In both cases of the suggested mechanism, the injected electrons will assist as H₂ evolution sites to reduce water molecules. Meanwhile, methanol (donor) is oxidized by donating the electrons to Pt or fCNTs. As shown in Fig. 9, the fSWCNTs have higher activities compared to those of fMWCNTs, and the same results have been found in previously published work.⁶³ The SWCNTs are more favourable for charge transfer⁶⁴ as compared to the MWCNTs, which may be due to them acting as mid-gap bands, causing the possible multi-electron–hole pair (exciton) generation by absorption of single high energy photons in the UV region across these multiple low energy bandgaps.⁶⁵ Meanwhile for MWCNTs, the origin of the photoconductivity is less clear.⁶⁶ Yao et al.¹⁶ reported that the TiO₂/fSWCNTs composite demonstrated a higher photocatalytic activity than that of the TiO₂/fMWCNTs composite under UV light irradiation.
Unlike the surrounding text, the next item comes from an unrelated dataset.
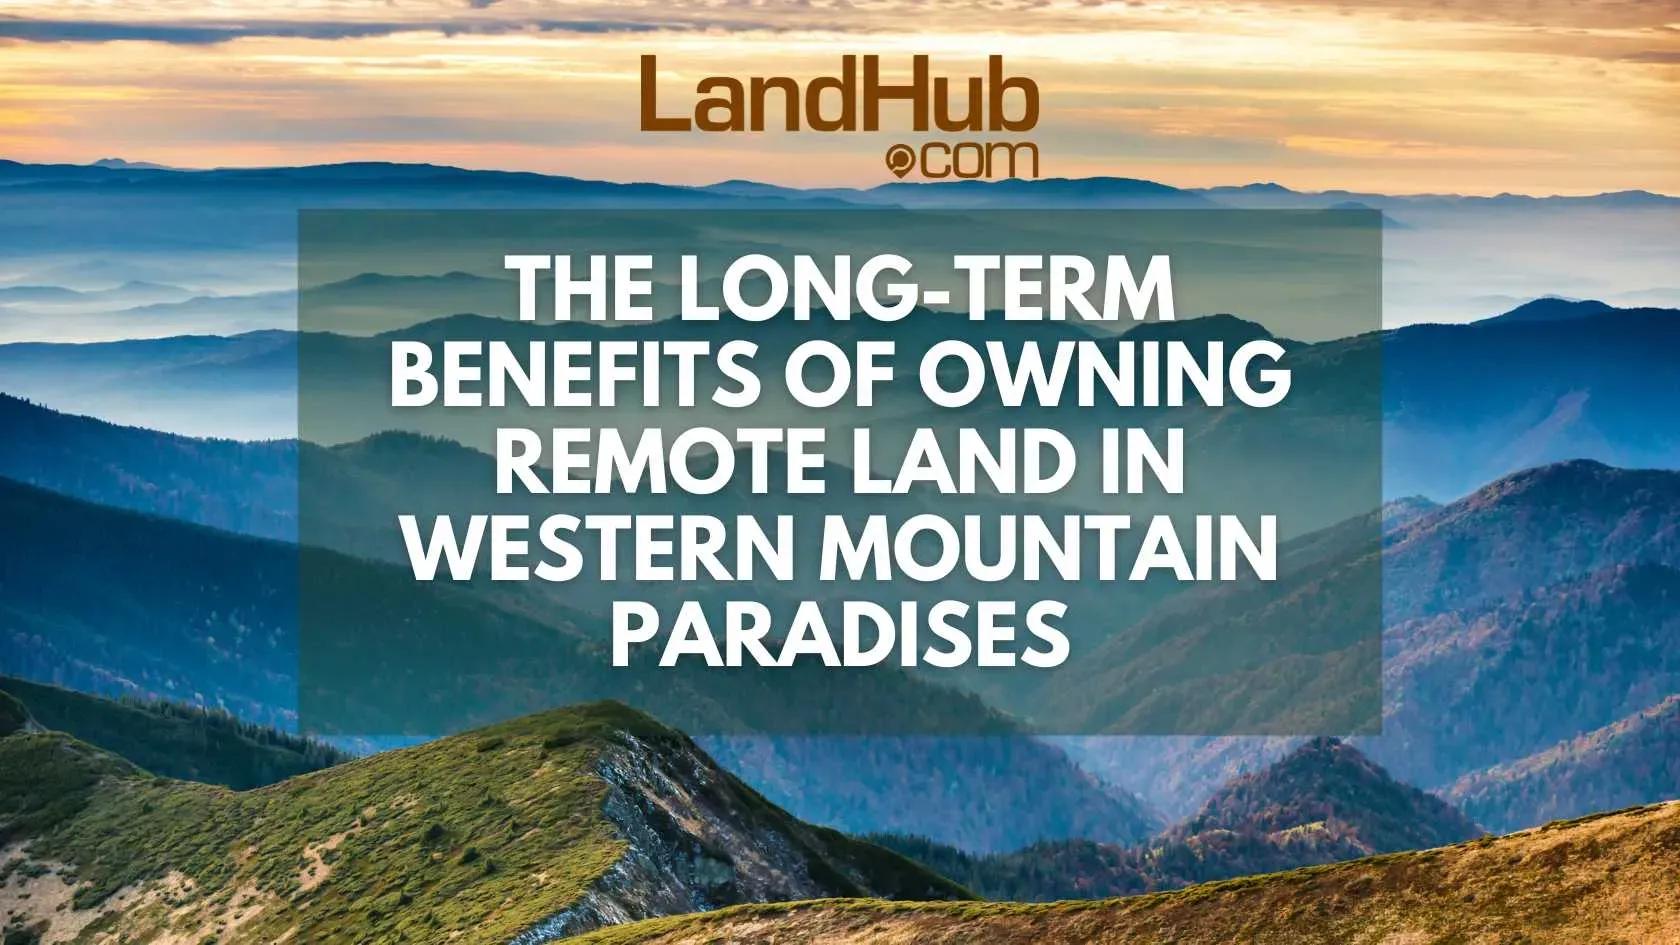 the long-term benefits of owning remote land in western mountain paradises

This occurrence is believed to be related to the higher degree of interphase contact that can be achieved at the TiO₂ surface with the bundles of small individual SWCNTs.⁶⁷ Woan et al. reported that a hydrothermally synthesized SWCNT–TiO₂ hybrid showed superior enhancement in the photocatalytic degradation of pirimicarb compared with that of MWCNTs/TiO₂,¹⁹ which is attributed to the higher separation efficiency of photogenerated carriers that was achieved because of the high conductivity of SWCNTs.⁶⁸ All of these explanations and reasons lead to the ternary mechanism in Fig. 10, which produces H₂ gas in three routes, with the probabilities for Pt in two lines while there is one line for fCNTs. The practical proof of these results was accrued when an in situ experiment was done which mostly localized the Pt on the surfaces of fCNTs, and showed the percent of Pt that was localized on the surface of TiO₂.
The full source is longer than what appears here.